Attached is PoC v2, which fully replaces the hash table with radix
tree and passes regression tests.
The architecture is still one of tidbitmap.c having it's own tree of
(fixed length) PagetableEntries. The eventual goal is for vacuum and
tidbitmap to both use TID store in some form, but there are some
architectural issues to work out first.
0001 temporarily gets rid of the tidbitmap one-page cache so I could
always count on the hash table and radix tree having matching contents
during development, barring bugs. I'm curious how important it is, so
it doesn't yet get put back in this patch set.
0002 temporarily gets turns off page lossification for the same reason
of matching contents. (Still not reimplemented)
0003 makes some radix tree APIs more similar to simplehash, in a
backward compatible way.
0004 is a step towards putting allocation of tree values in the
caller's hands. This will be even more necessary when doing unions and
intersections with variable-length bitmaps (not yet implemented).
0005 make it easier to add new tree APIs that aren't used everywhere.
0006 RT_BEGIN_ITERATE_AT, similar to simplehash. This is a
prerequisite for 0007, and could also be used for shared iteration.
This implementation is naive and may slow down iteration, but that can
easily be fixed.
On Thu, Jul 3, 2025 at 3:43 PM I wrote:
> Second issue: TBM intersection
> 1) Radix tree iteration assumes that no one will delete keys out from
> under it. That includes the caller itself! This is not sufficient for
> intersecting bitmaps.
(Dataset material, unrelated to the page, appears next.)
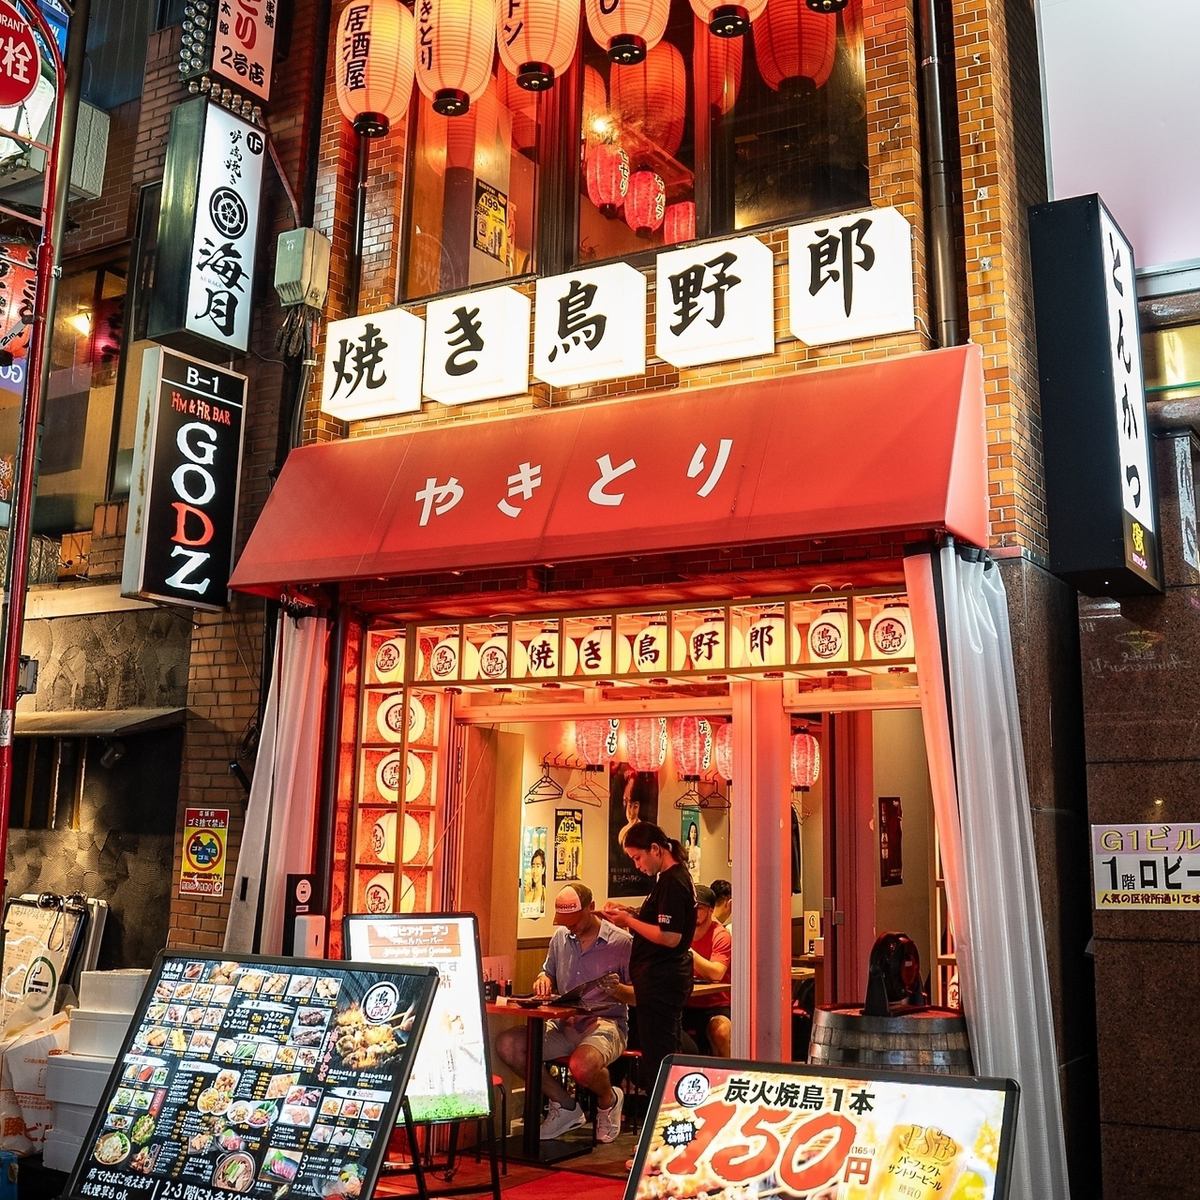 Open until 8am every day! Showa retro yakitori bar
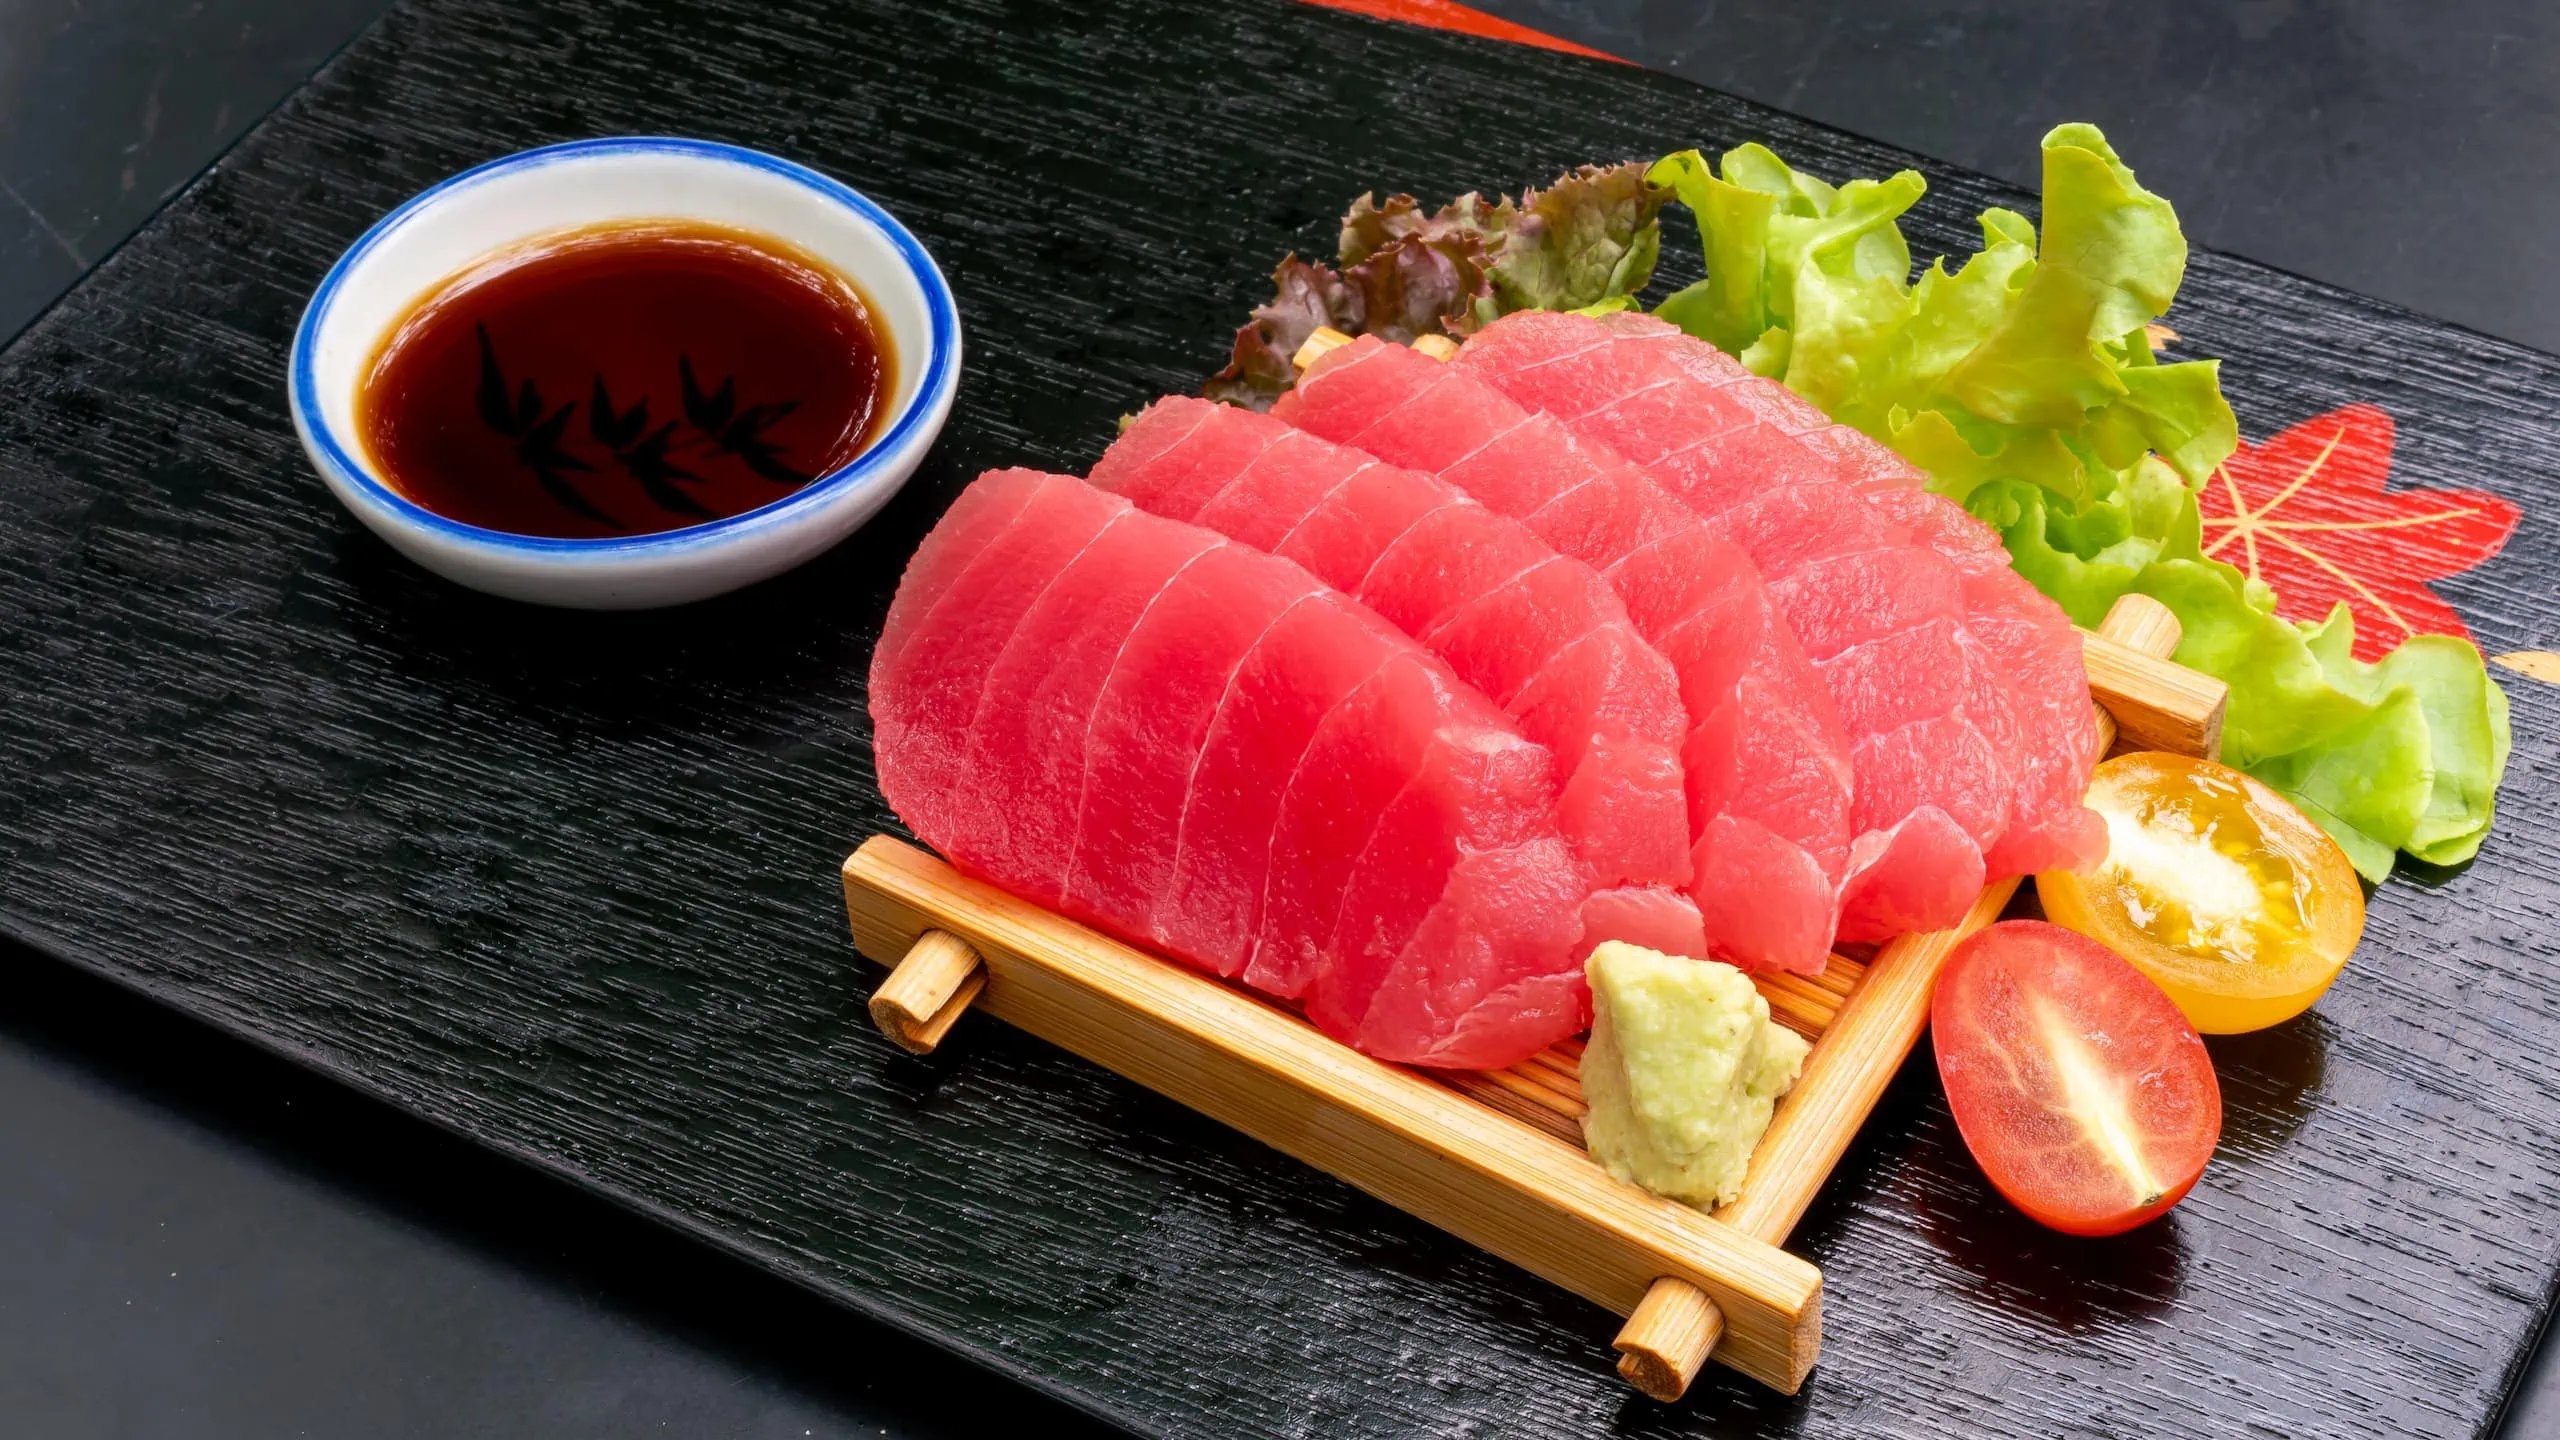 Our version of sashimi tuna

I kluged around it by saving
> blocks-to-be-deleted in a stack array, but a proper solution could be
> to (vigorous handwaving)
> 1) save per-leaf-node keys in the iterator
> 2) delete the keys when iteration leaves that node, possibly with a
> bulk-delete mechanism
> 3) restart iteration from the top, at the next part of the key space
0007 implements the above (but no bulk deletion). It's so far only
used for intersection, but will also be the basis for page
lossification. Because latter requires inserts as well as deletes, it
could be tricky to do nicely. Compared to the hash table, retail
deletion is likely slower in general, but since they're batched per
leaf node it might be okay. 0006 and 0007 were tricky to get right,
and may contain bugs.
0008 is the main event. It's sloppy about memory management and
contains a kluge for the shared memory case: I was unable to quickly
adapt the existing relative pointer logic so I gave up and and
allocated a new DSA array, since it works and gets the point across.
There are new radix tree tests (separately, some of the existing ones
should be simplified to look more like the new bitmapset testing
module), but no new bitmap heap scan tests.
With some cleanups, restoring lossification, and maybe performance
work, the above could be the basis of a viable commit, since it has a
fairly small blast radius and gets rid of the qsort steps. However, I
believe it won't quite be enough on its own for a major release. For
that, we'd want
* variable-length keys to save memory, which would add some complexity
to union and intersection steps
* probably direct iteration over the tree, rather than via reference
arrays, which add memory and are no longer as useful because we don't
need a separate sorting step
* integration with TID store in some form
* adjustments to costing?
--
John Naylor
Amazon Web Services